***** DATA
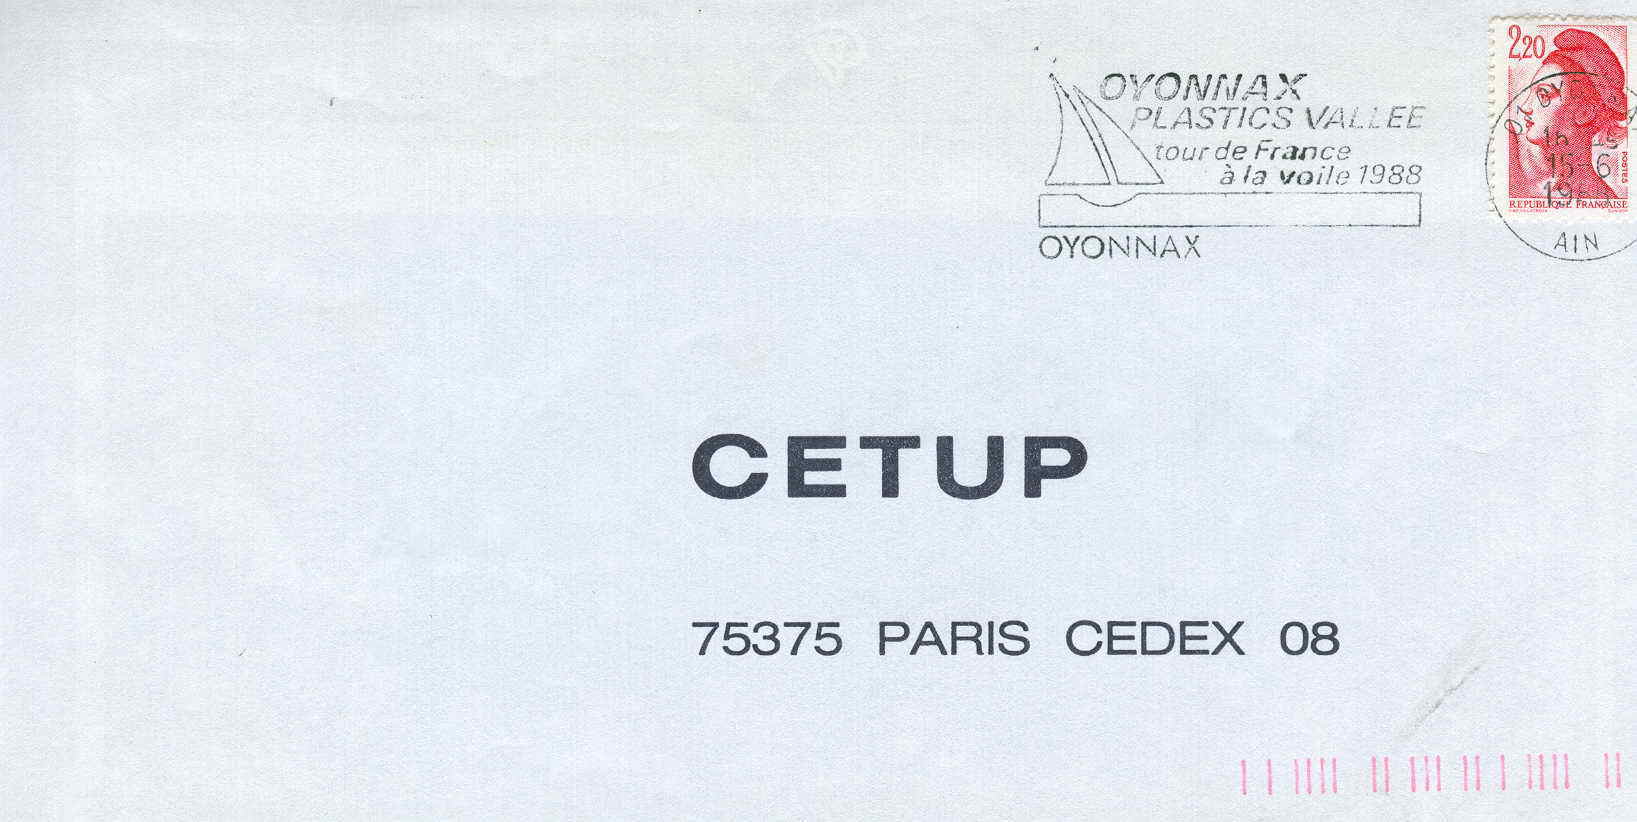 VOILE OBLITERATION TEMPORAIRE TOUR DE FRANCE A LA VOILE 1988 OYONNAX - Sailing
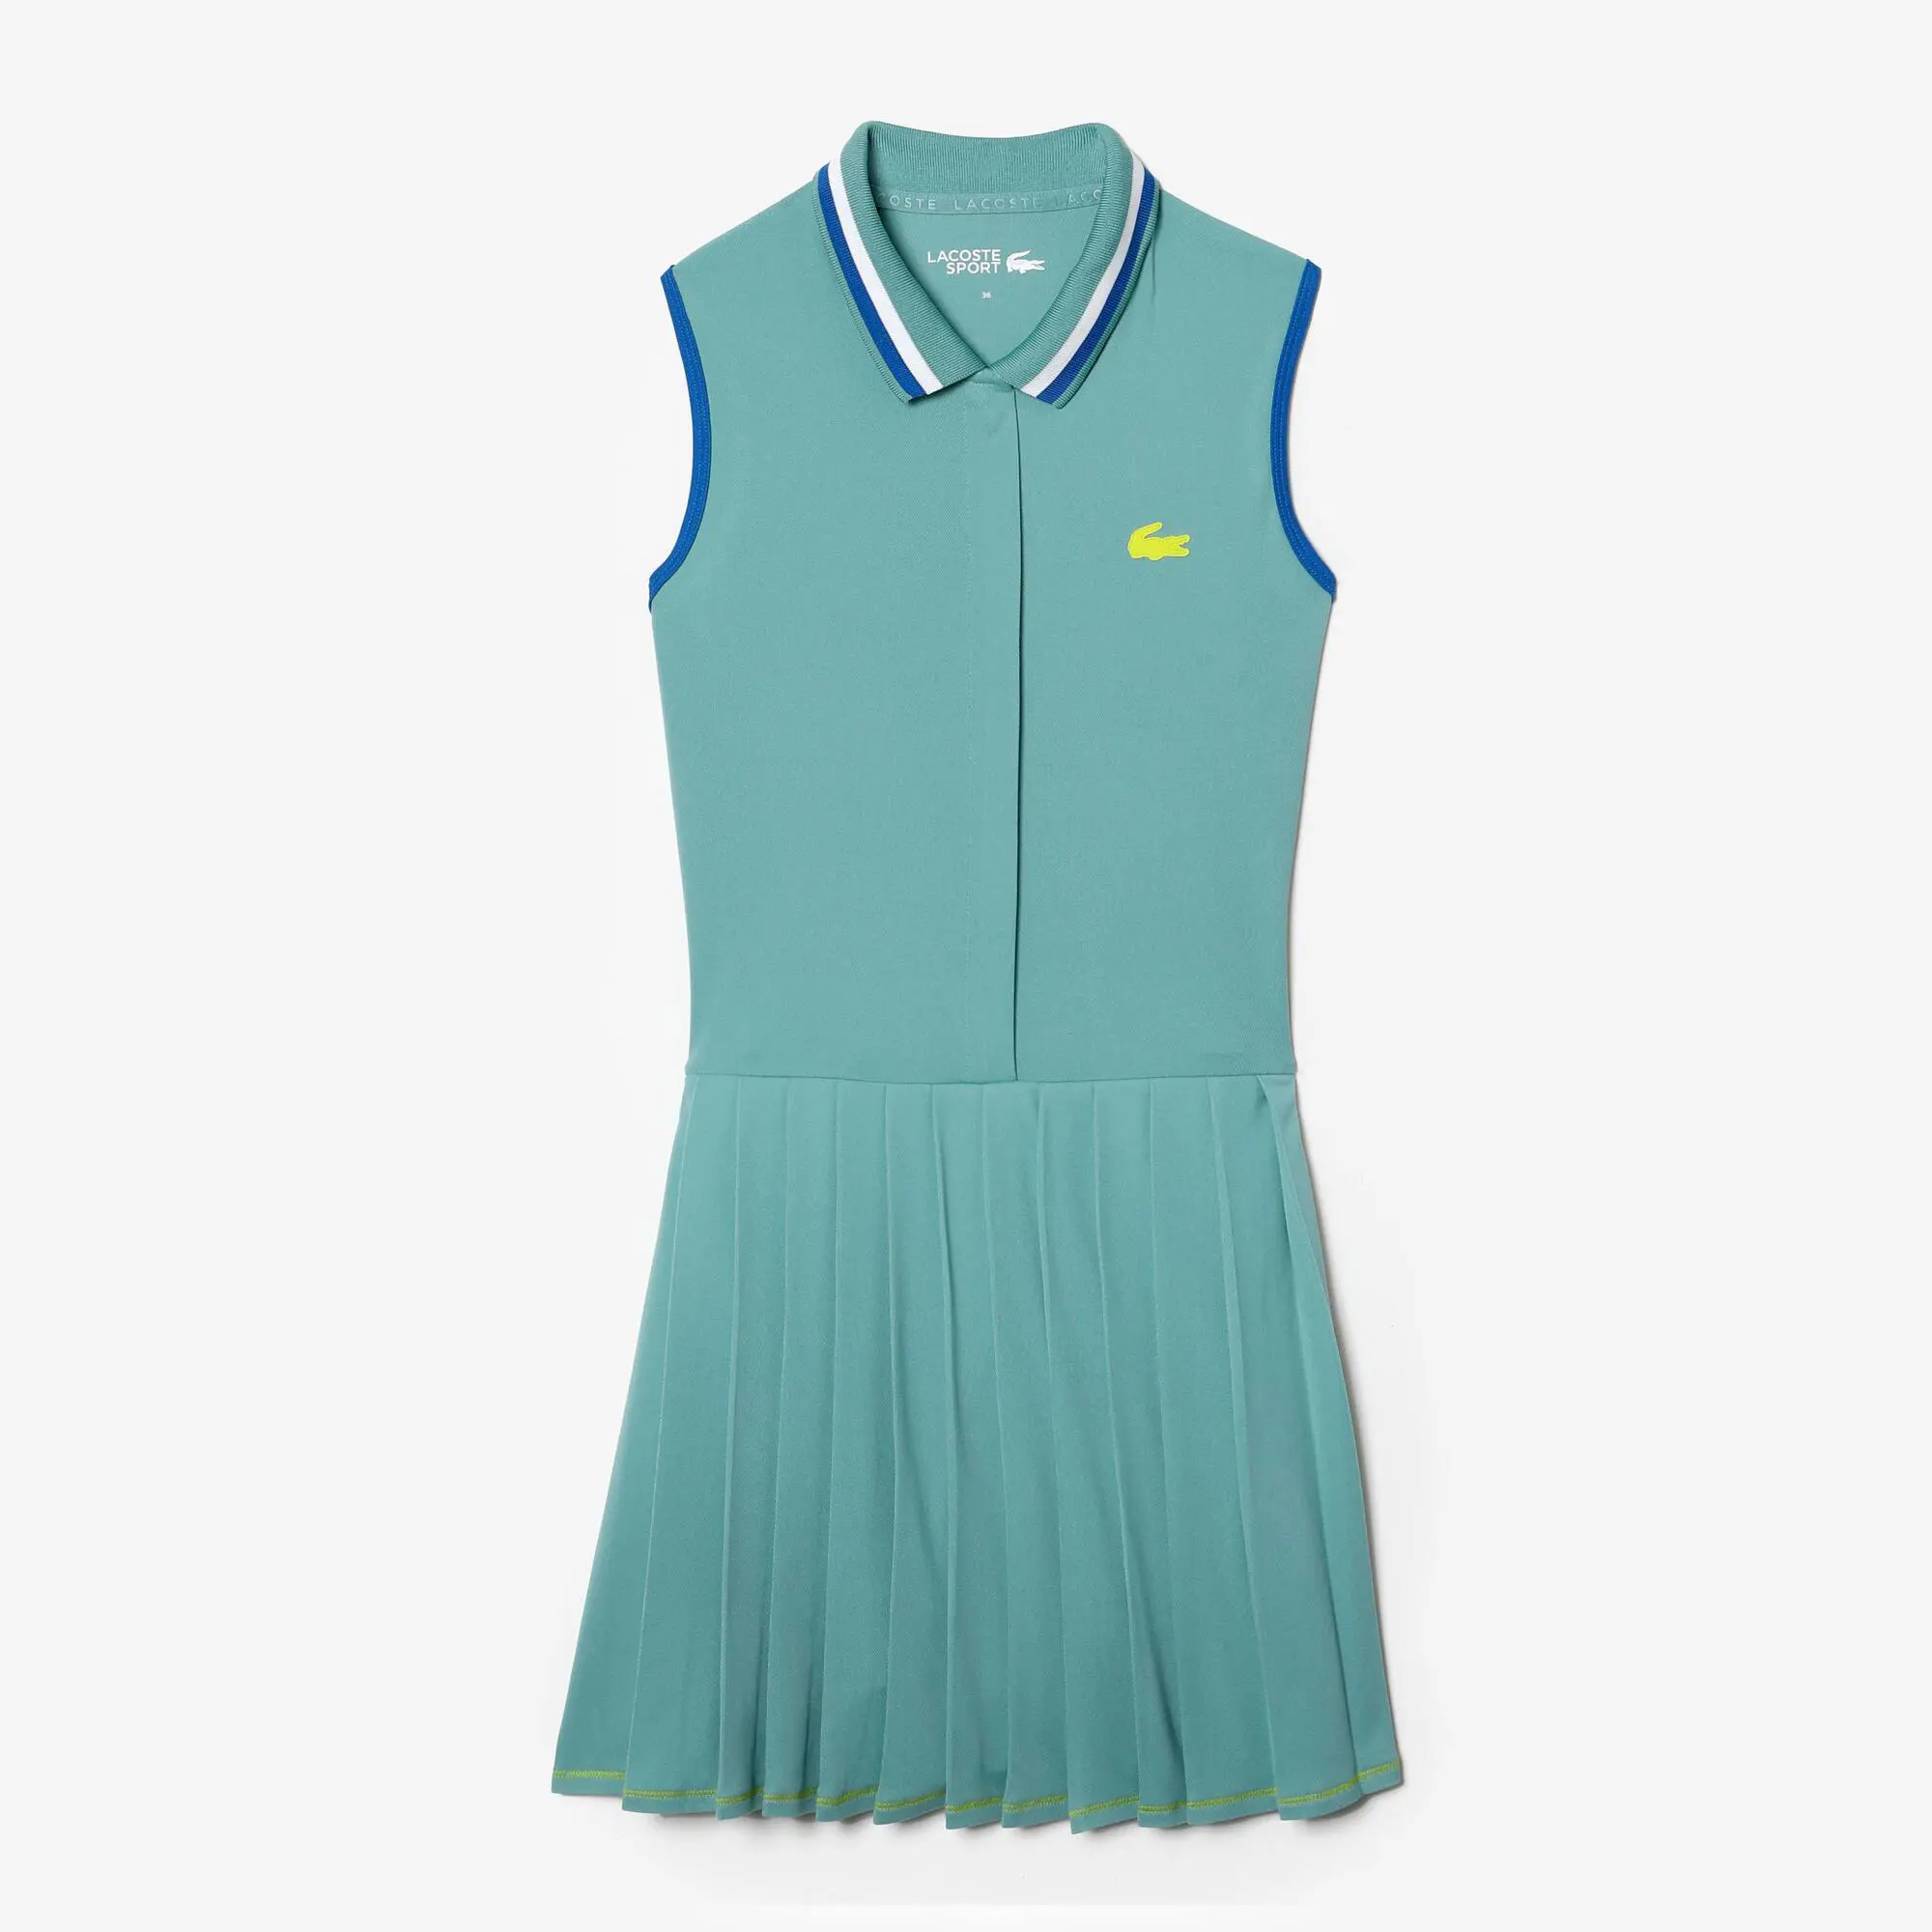 Lacoste Women's Lacoste SPORT Built-In Shorty Pleated Tennis Dress. 2
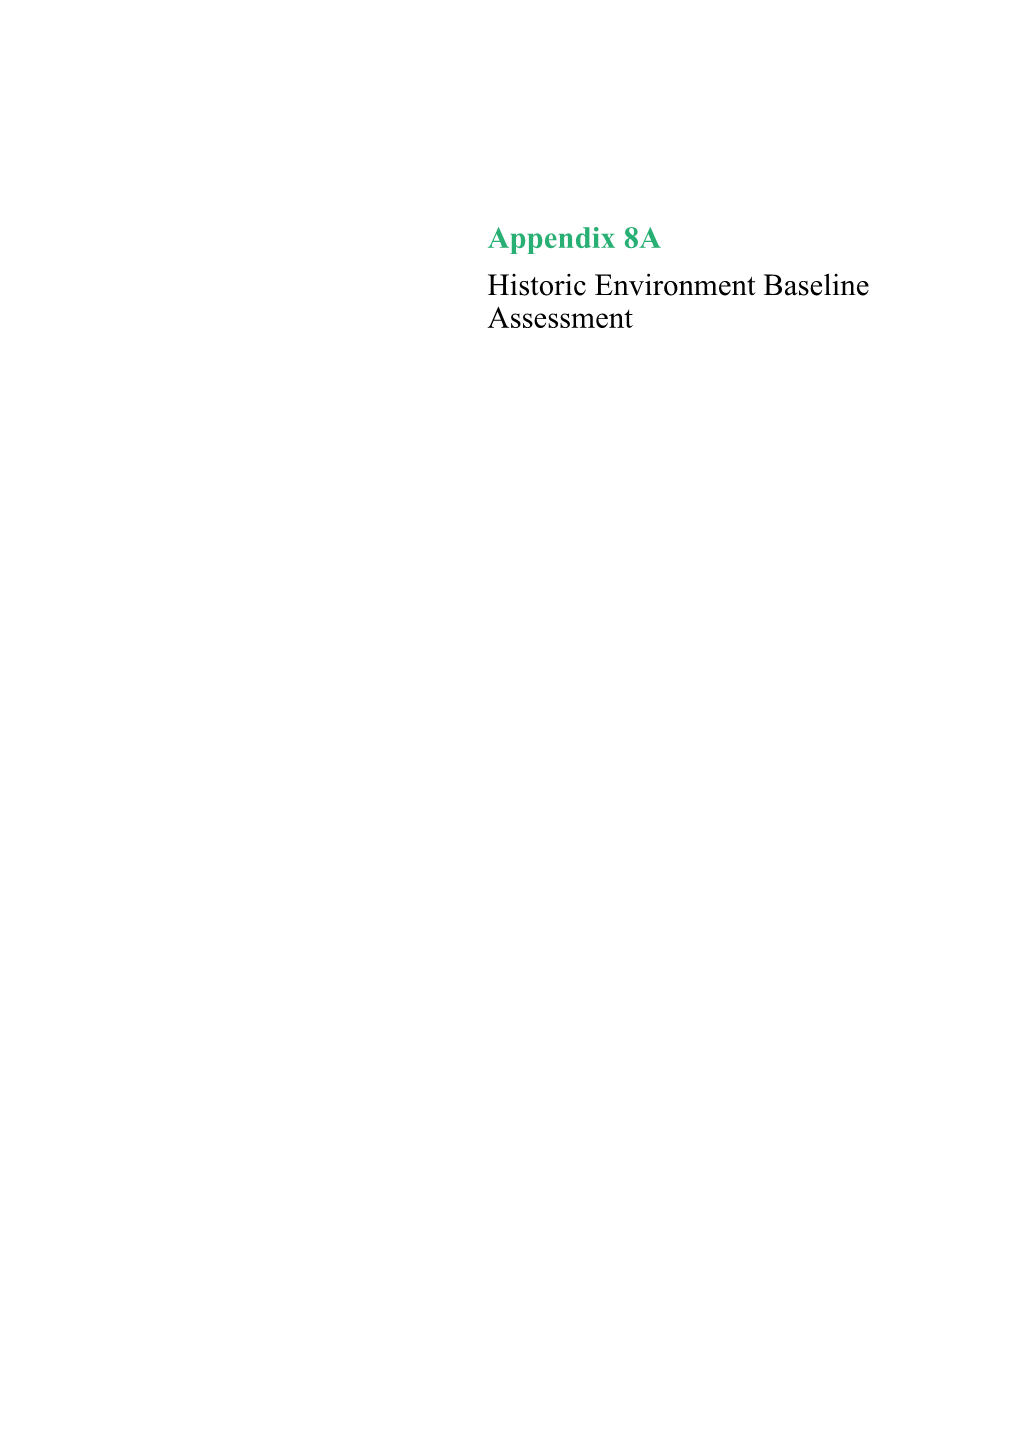 Appendix 8A Historic Environment Baseline Assessment
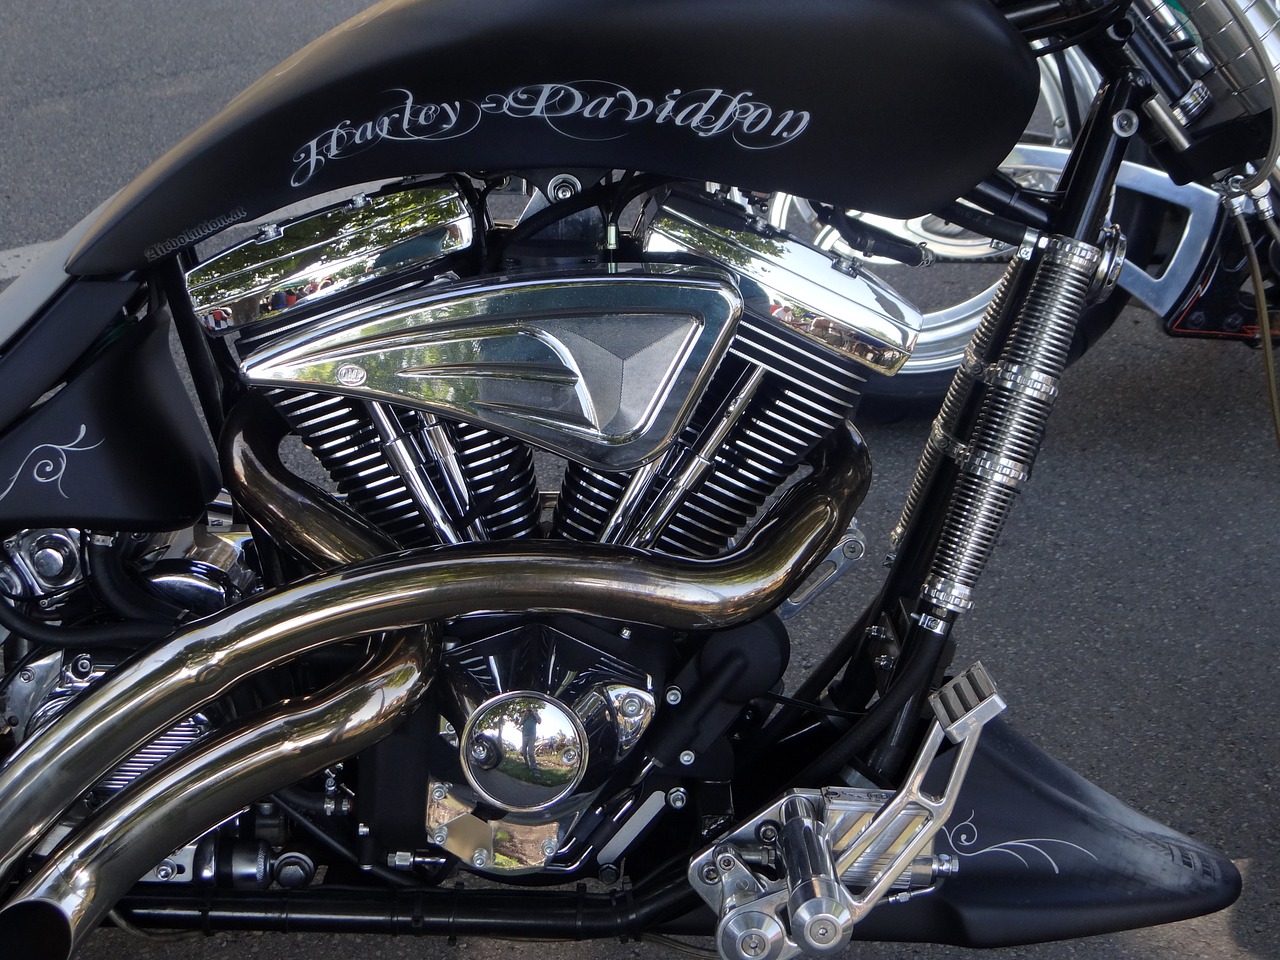 harley davidson motorcycle motor free photo
**********
ACTIVITY: Print the listing exactly, pictures excluded.

EXERCISE RESULT:
 VOILE OBLITERATION TEMPORAIRE TOUR DE FRANCE A LA VOILE 1988 OYONNAX - Sailing
 Lacoste Women's Lacoste SPORT Built-In Shorty Pleated Tennis Dress. 2
 Appendix 8A Historic Environment Baseline Assessment
 harley davidson motorcycle motor free photo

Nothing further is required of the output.